BEGIN Given information
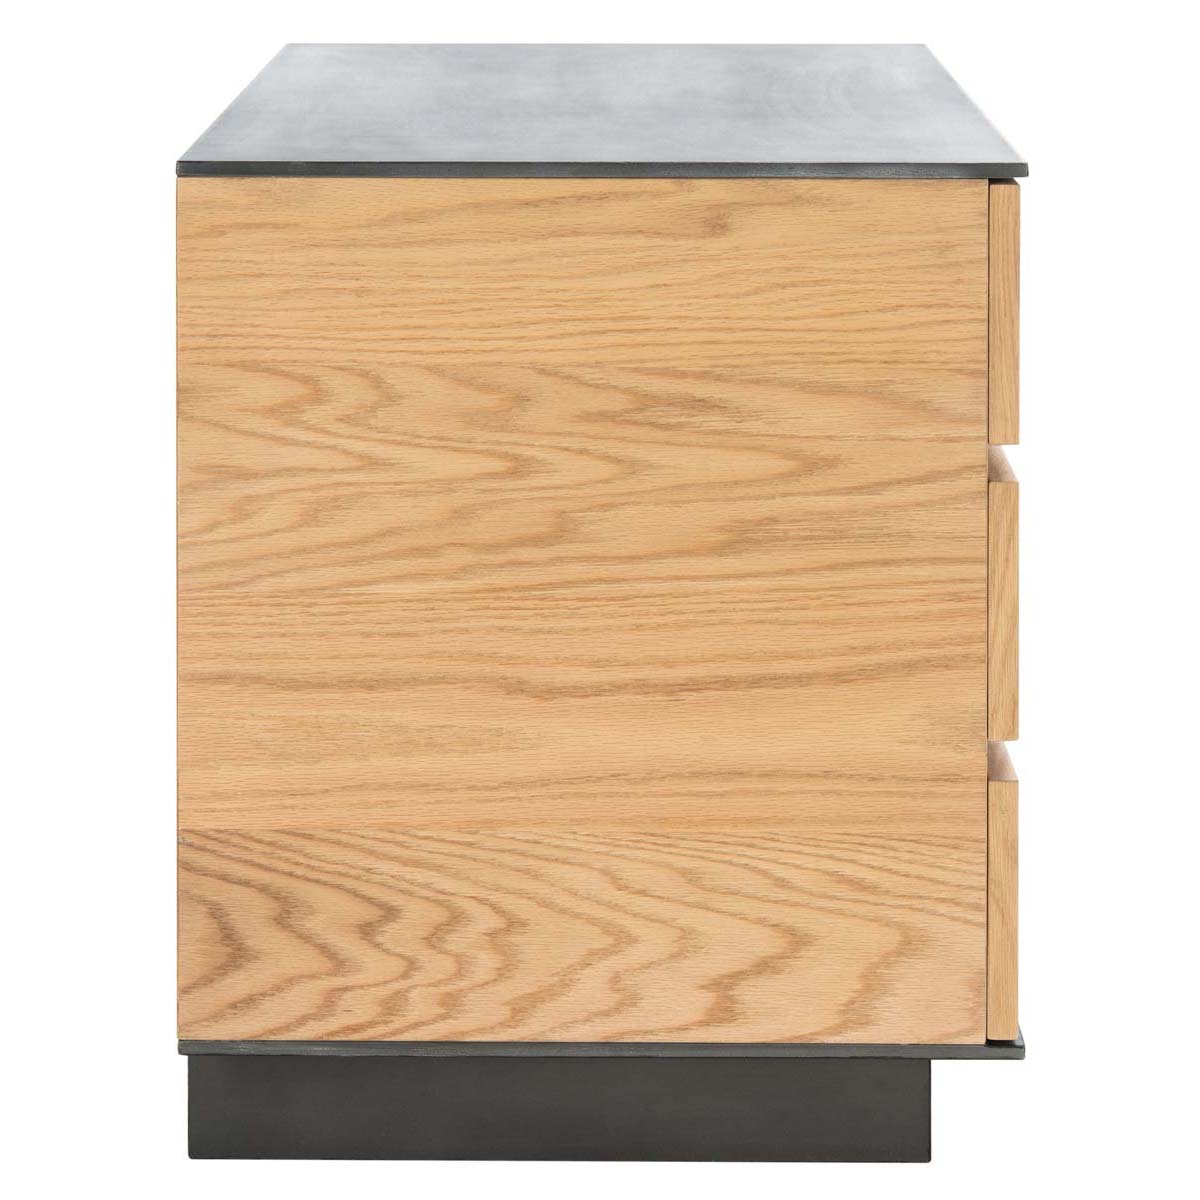 Safavieh Couture Poe 3 Drawer Nightstand - Natural
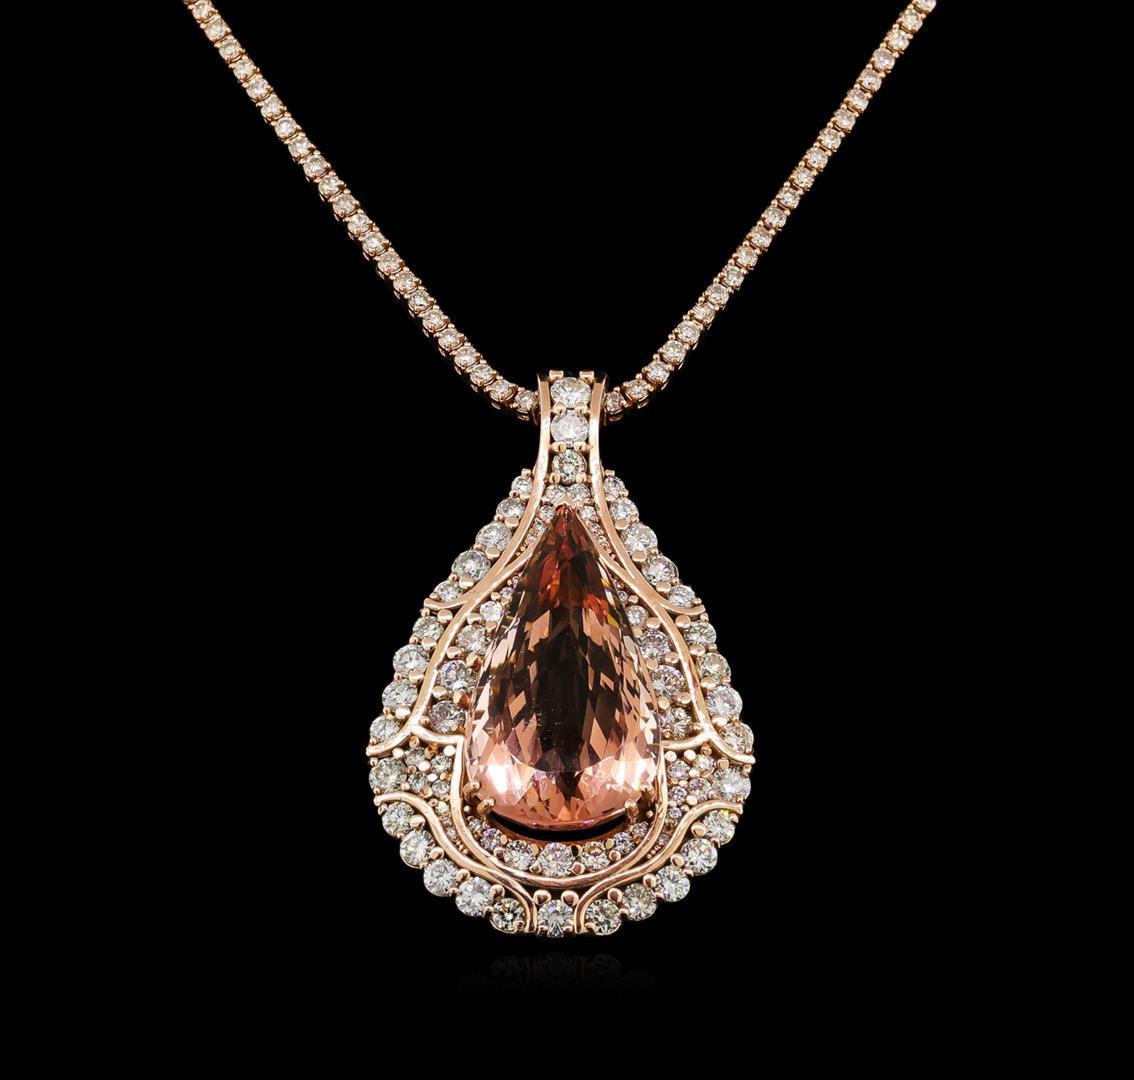 14KT Rose Gold GIA Certified 49.49 ctw Morganite and Diamond Pendant With Chain
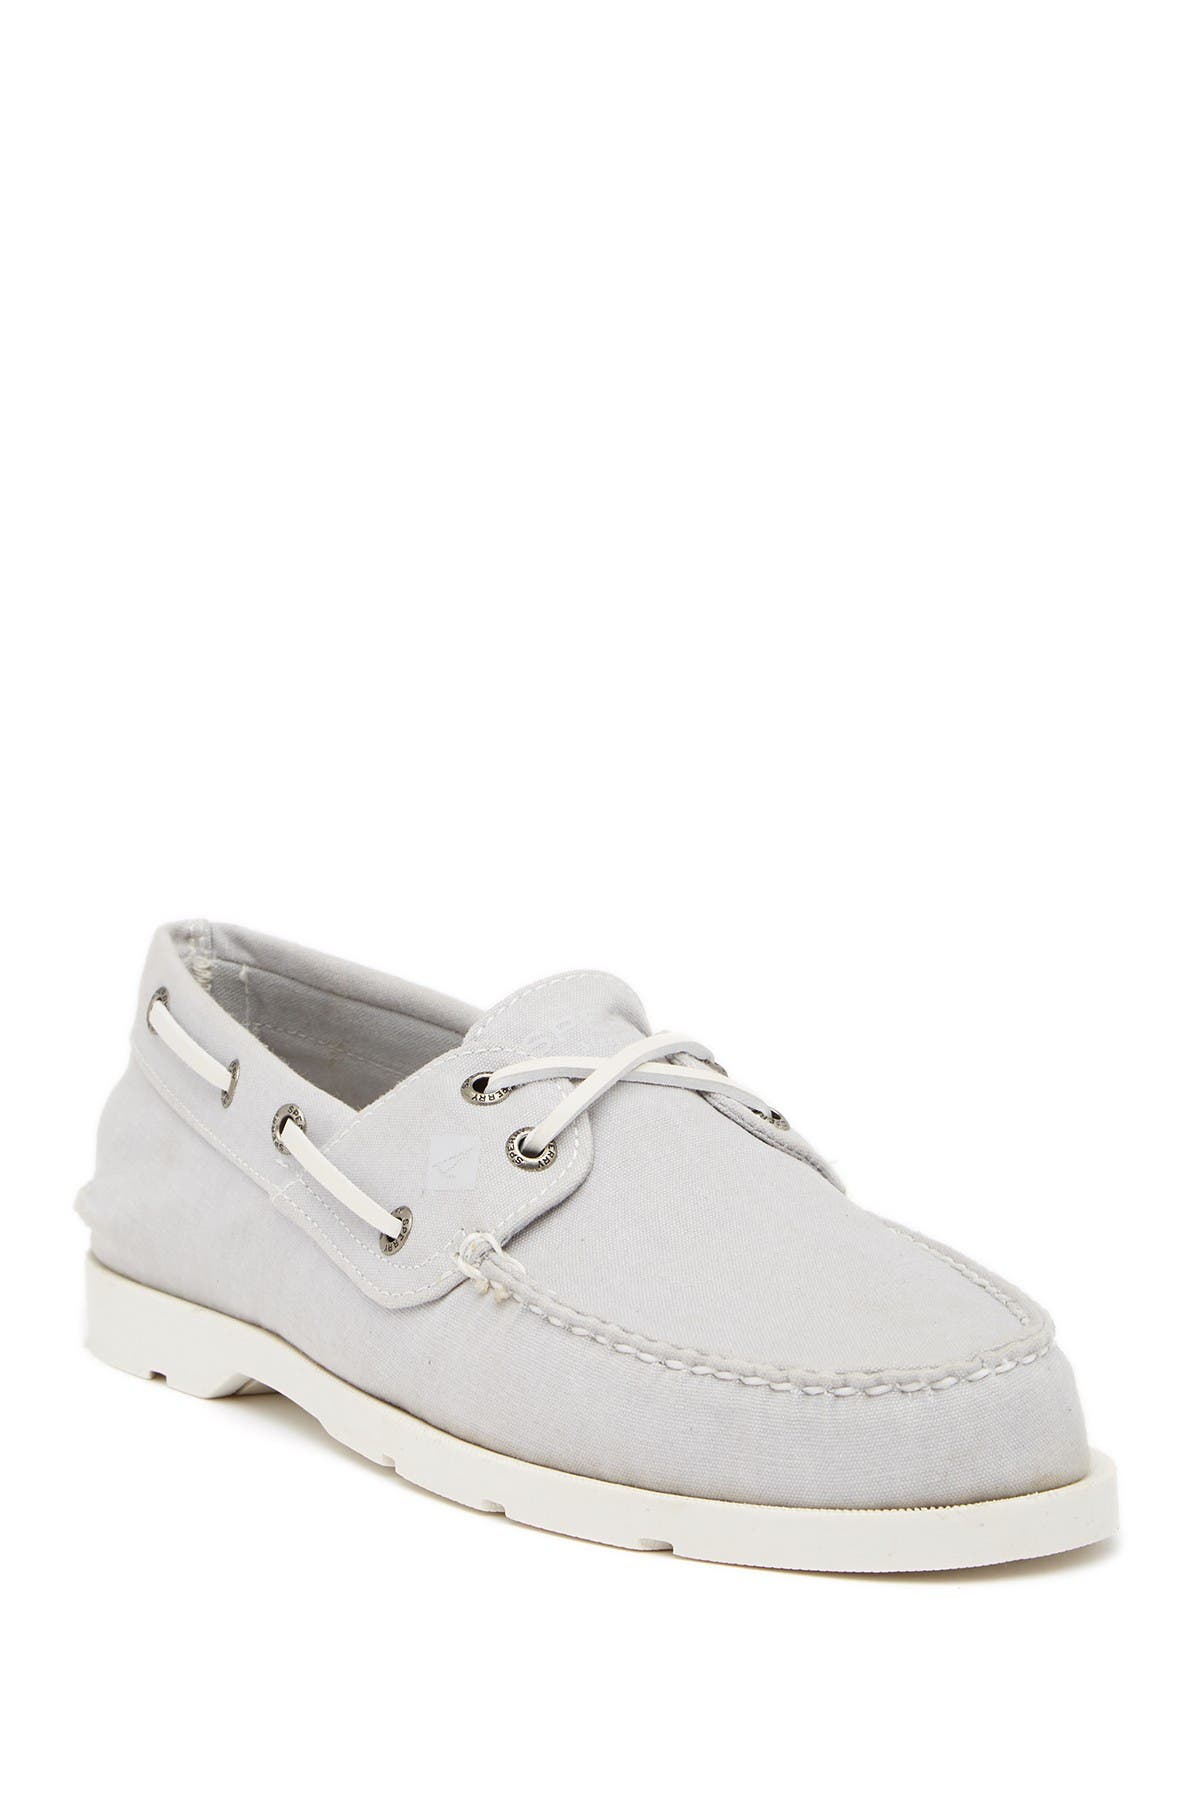 sperry boat shoes nordstrom rack
END Given information
● What this task involves
From the first line to the last, transcribe the listing exactly; skip the pictures.

● Task result
 Safavieh Couture Poe 3 Drawer Nightstand - Natural
 14KT Rose Gold GIA Certified 49.49 ctw Morganite and Diamond Pendant With Chain
 sperry boat shoes nordstrom rack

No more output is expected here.